Pattinson was an Alderman of Kesteven County Council on which he served as Chairman of the Finance Committee. He was also Justice of the Peace for the County.

===Parliamentary politics===

He first contested a Parliamentary seat at the 1918 general election when he stood as Liberal candidate in Horncastle. As a supporter of H H Asquith he was not given the government coupon which was granted to Coalition Unionist William Weigall. Pattinson tried again at Horncastle at the by-election of 1920 which was called when Weigall was appointed Governor of South Australia but he lost by 1,413 votes to the Coalition Conservative, Stafford Vere Hotchkin.

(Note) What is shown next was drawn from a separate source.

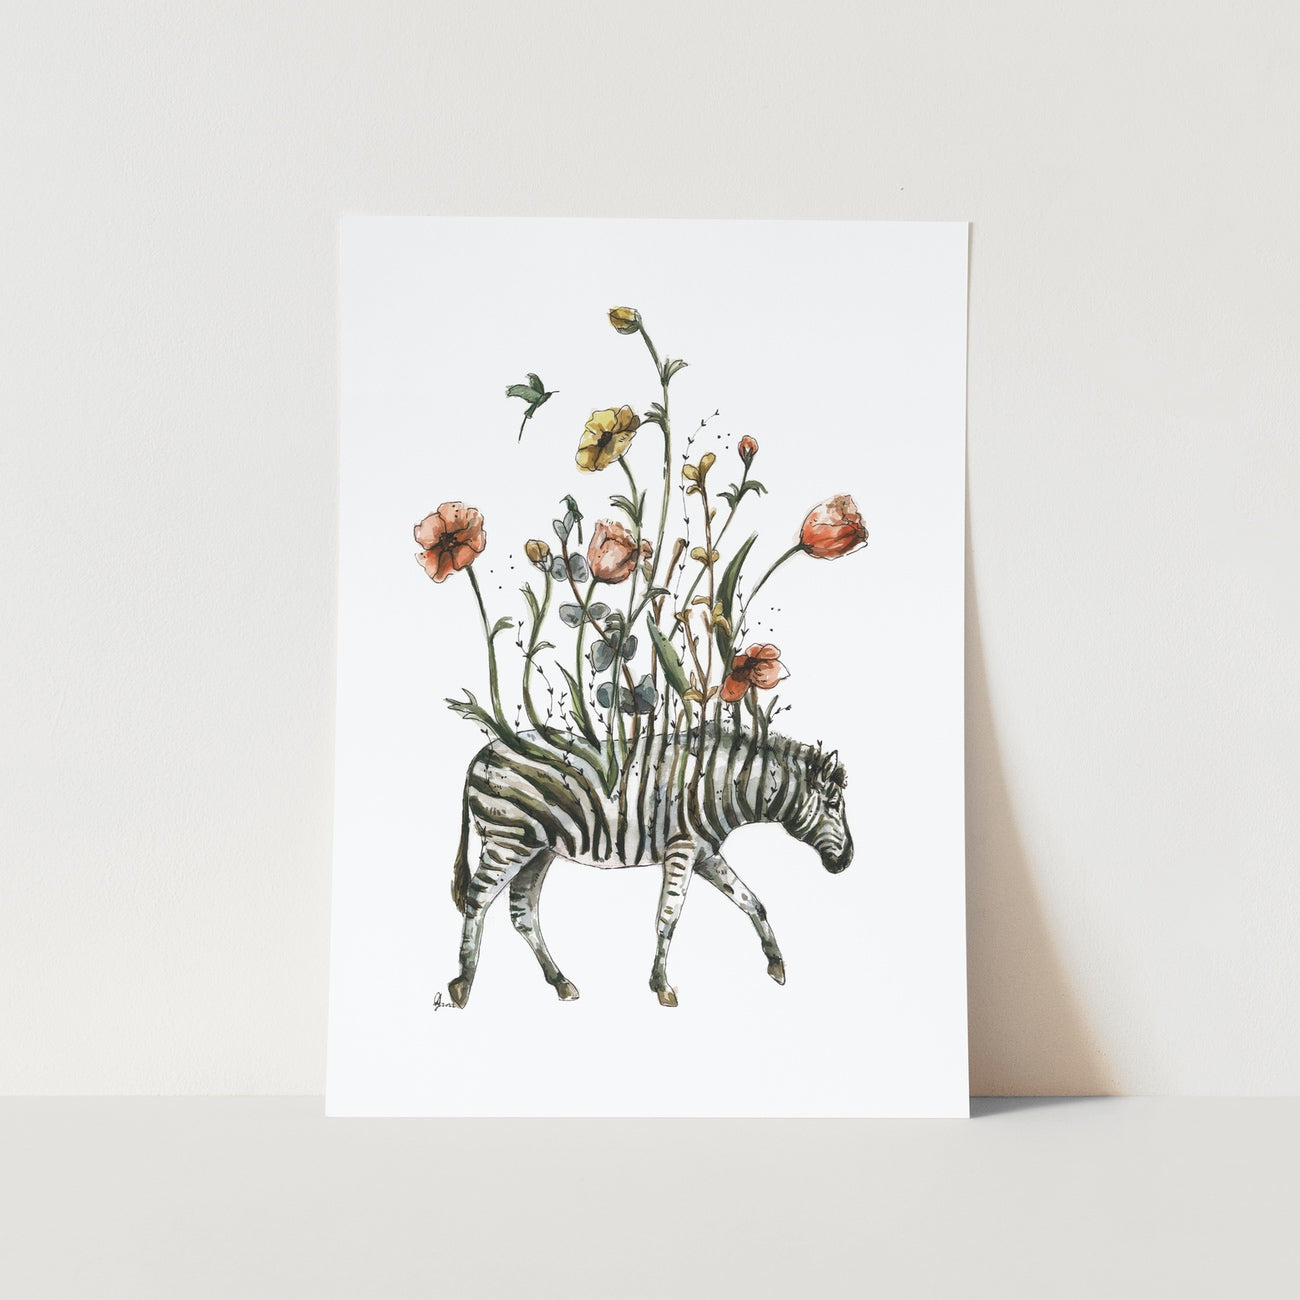 Zebra Flowers by Mareli Art Print

Pattinson was eventually elected to the House of Commons at the 1922 general election, beating the Conservative candidate by 1,639. He held the seat at the 1923 general election with a majority of 1,819 but he could not retain it in 1924 losing to Conservative candidate Henry Cobden Haslam, a science researcher from Cambridge University, by 1,169 votes

===Bonar Law===

Despite his Liberal affiliations, Pattison was obviously an admirer of Tory leader Bonar Law. In December 1922 he informed his constituents in Horncastle that Bonar Law was ‘the finest leader the House of Commons had seen for a very long time. [He]..held the House of Commons in the hollow of his hand". Pattinson said although he differed in political viewpoint from Bonar Law, he admired him greatly and believed he honestly wished to do his best for the country. By this time of course Bonar Law was prime minister having replaced David Lloyd George when his Liberal-Conservative coalition fell after the Carlton Club meeting of 19 October 1922. As an Asquithian Liberal, it is unlikely Pattinson had much regard for Lloyd George and his view of Bonar Law might have been coloured by this. By December 1922, the general election was over, so Pattison had no need to flatter Bonar Law to his constituents to try and earn Conservative votes.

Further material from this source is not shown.